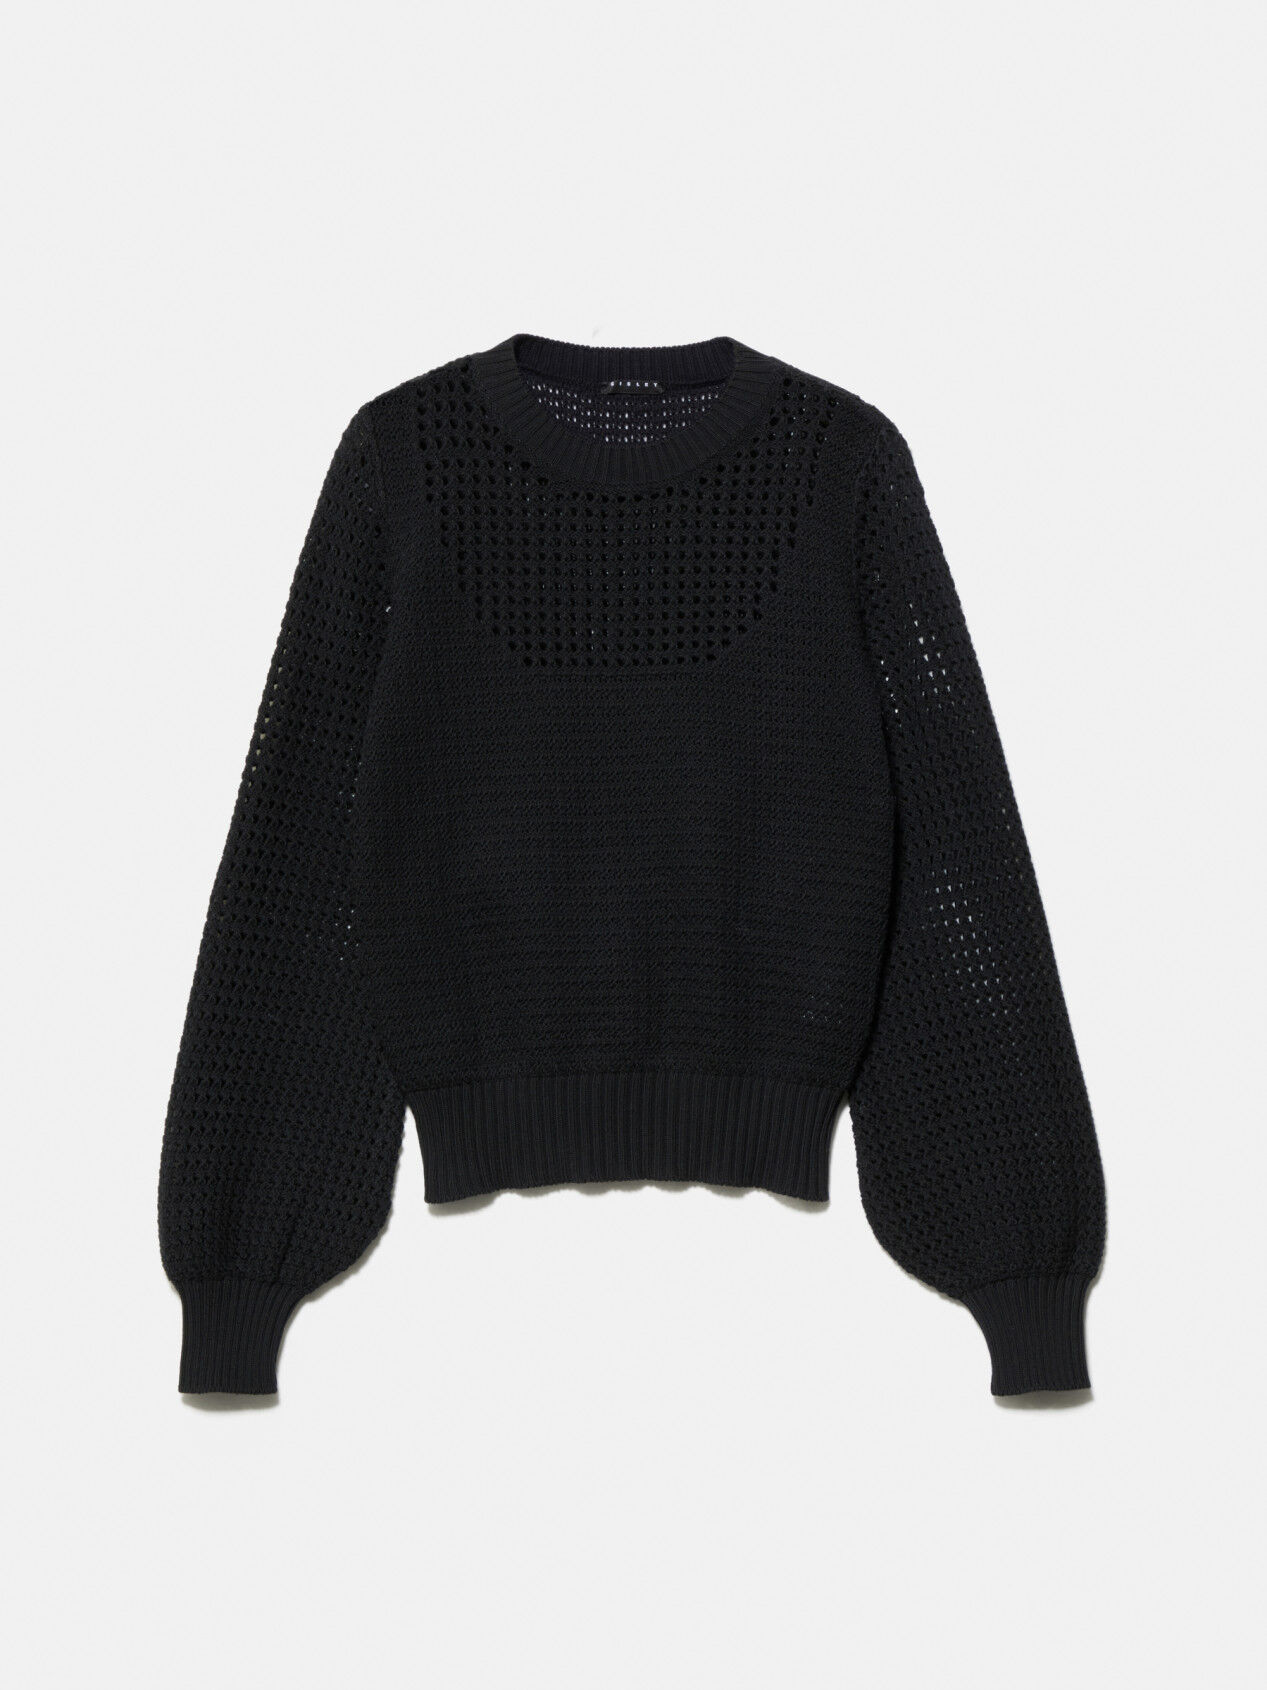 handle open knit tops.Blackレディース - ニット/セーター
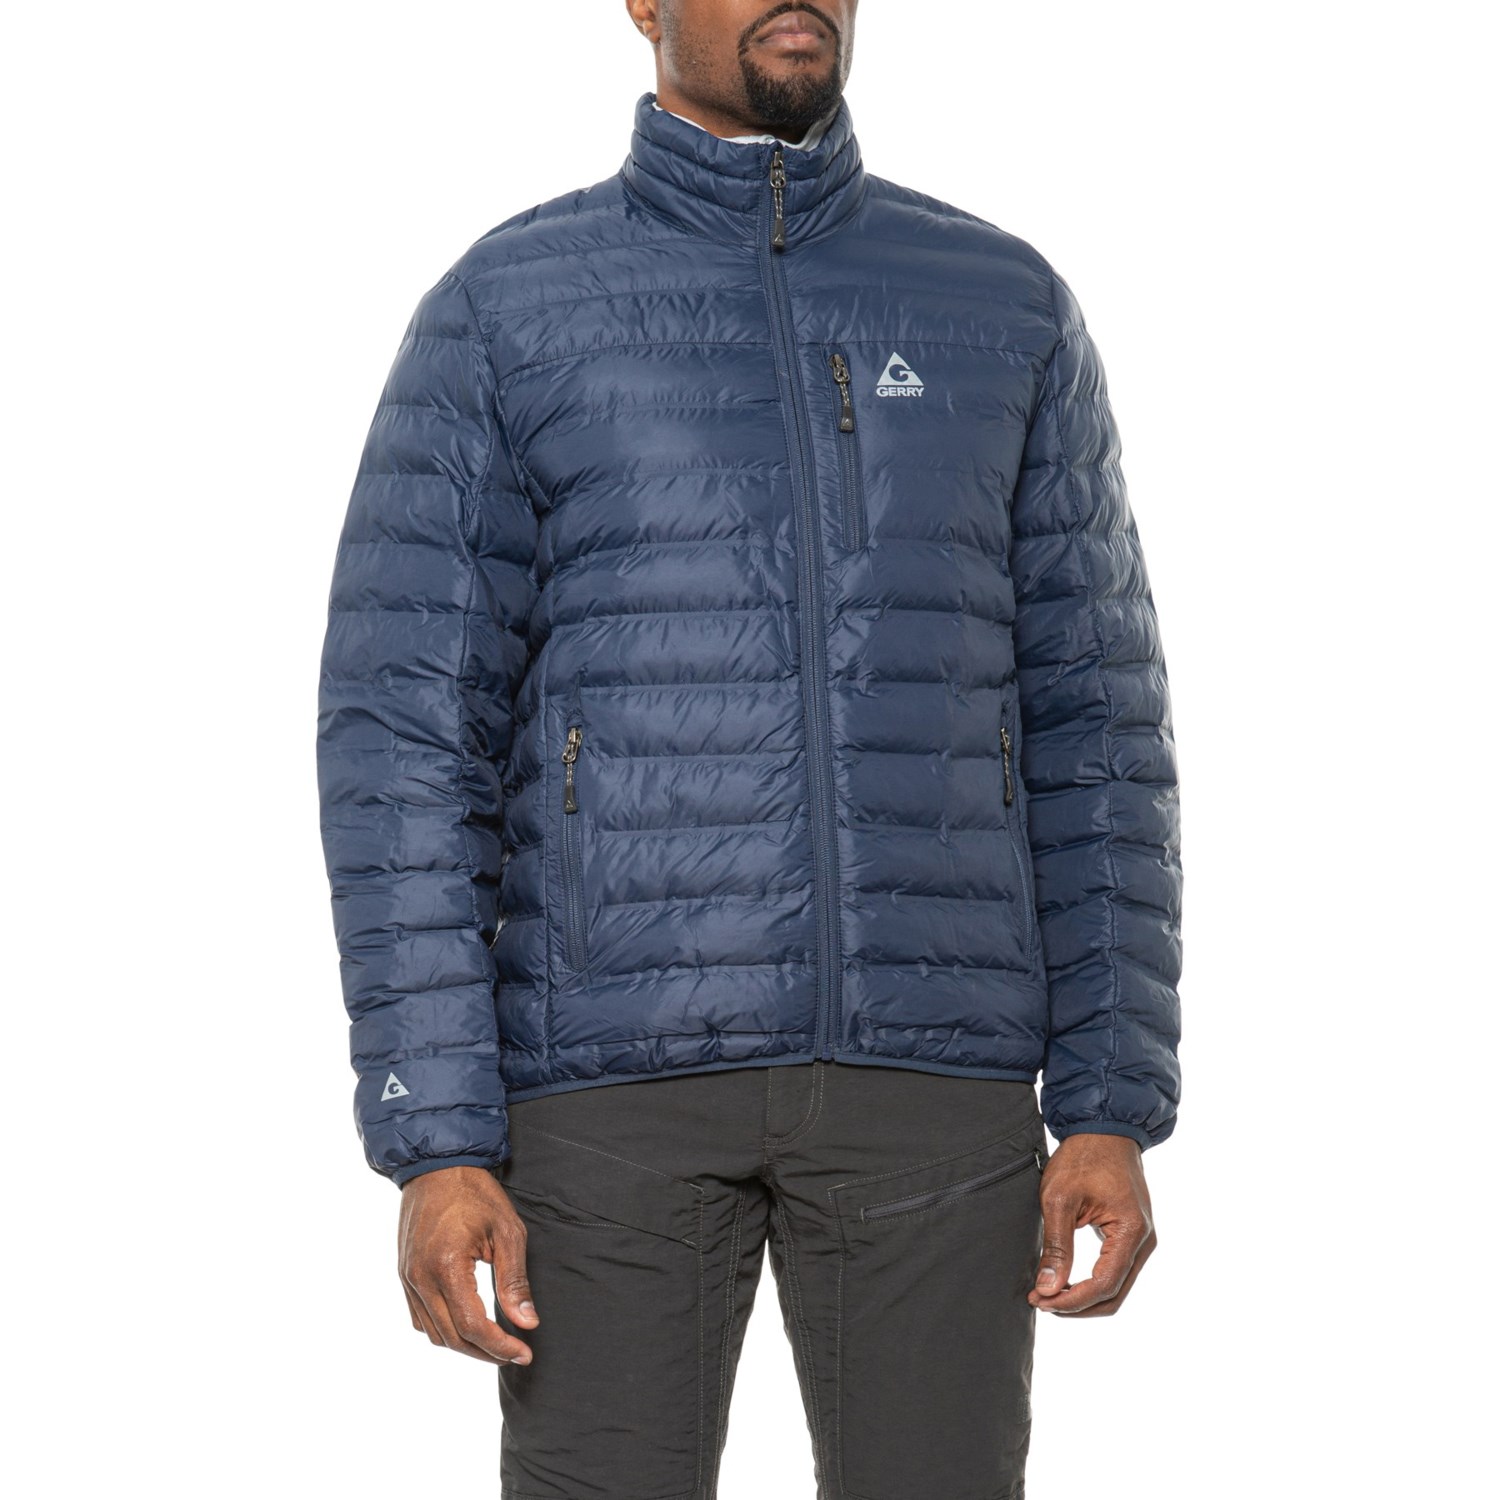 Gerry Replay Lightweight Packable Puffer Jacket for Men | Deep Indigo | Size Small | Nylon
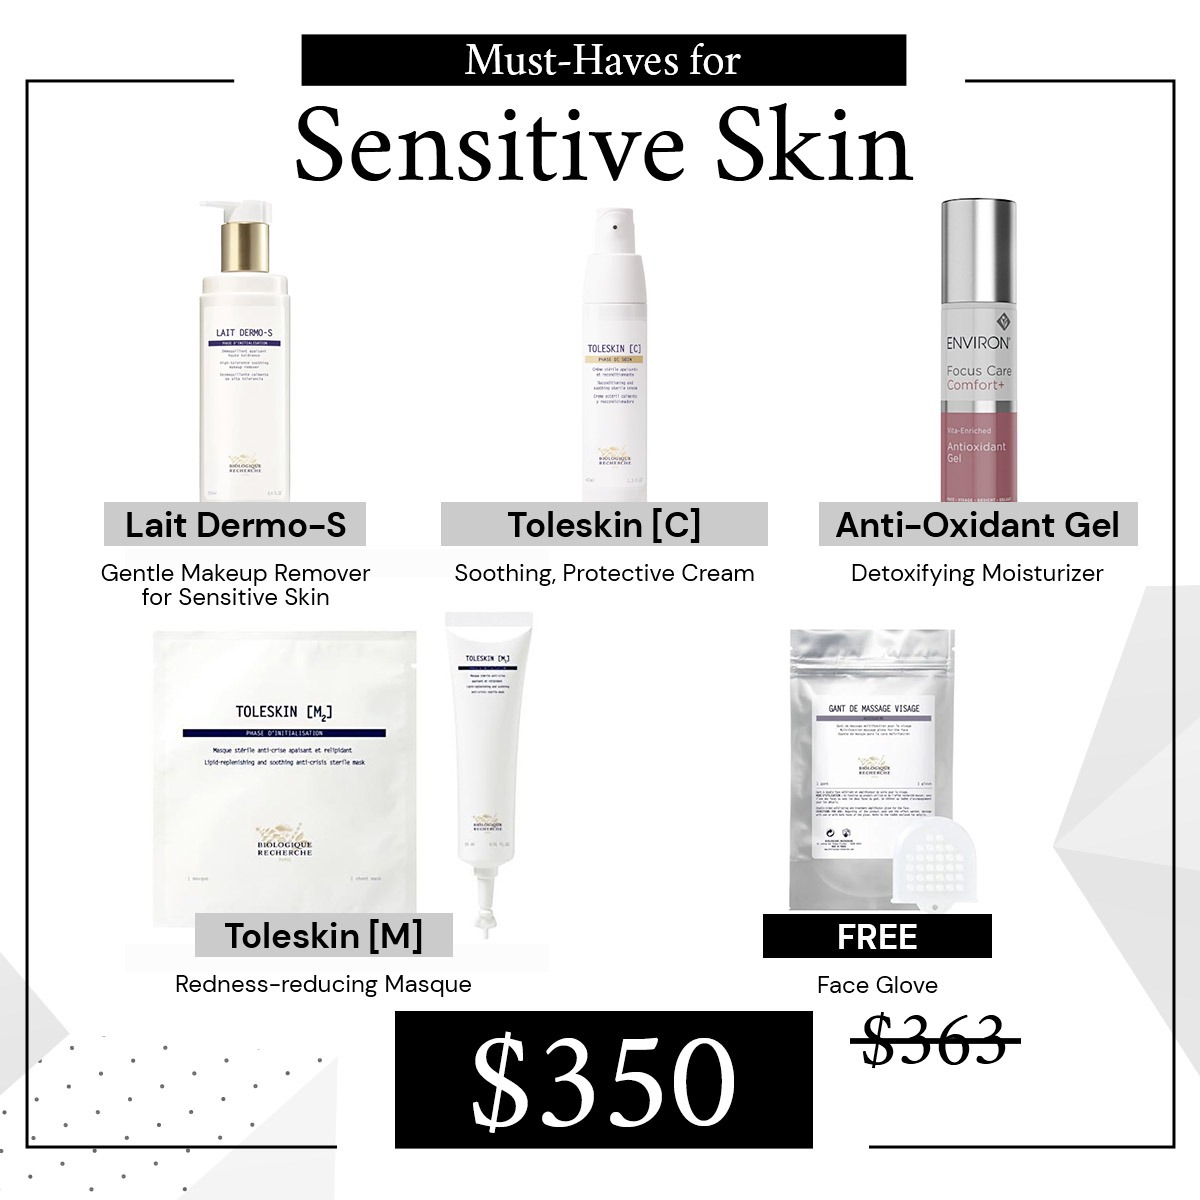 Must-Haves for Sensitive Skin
# # # #
A word-for-word copy of all the data is required, minus the pictures.

 handle open knit tops.Blackレディース - ニット/セーター
 Gerry Replay Lightweight Packable Puffer Jacket for Men | Deep Indigo | Size Small | Nylon
 Must-Haves for Sensitive Skin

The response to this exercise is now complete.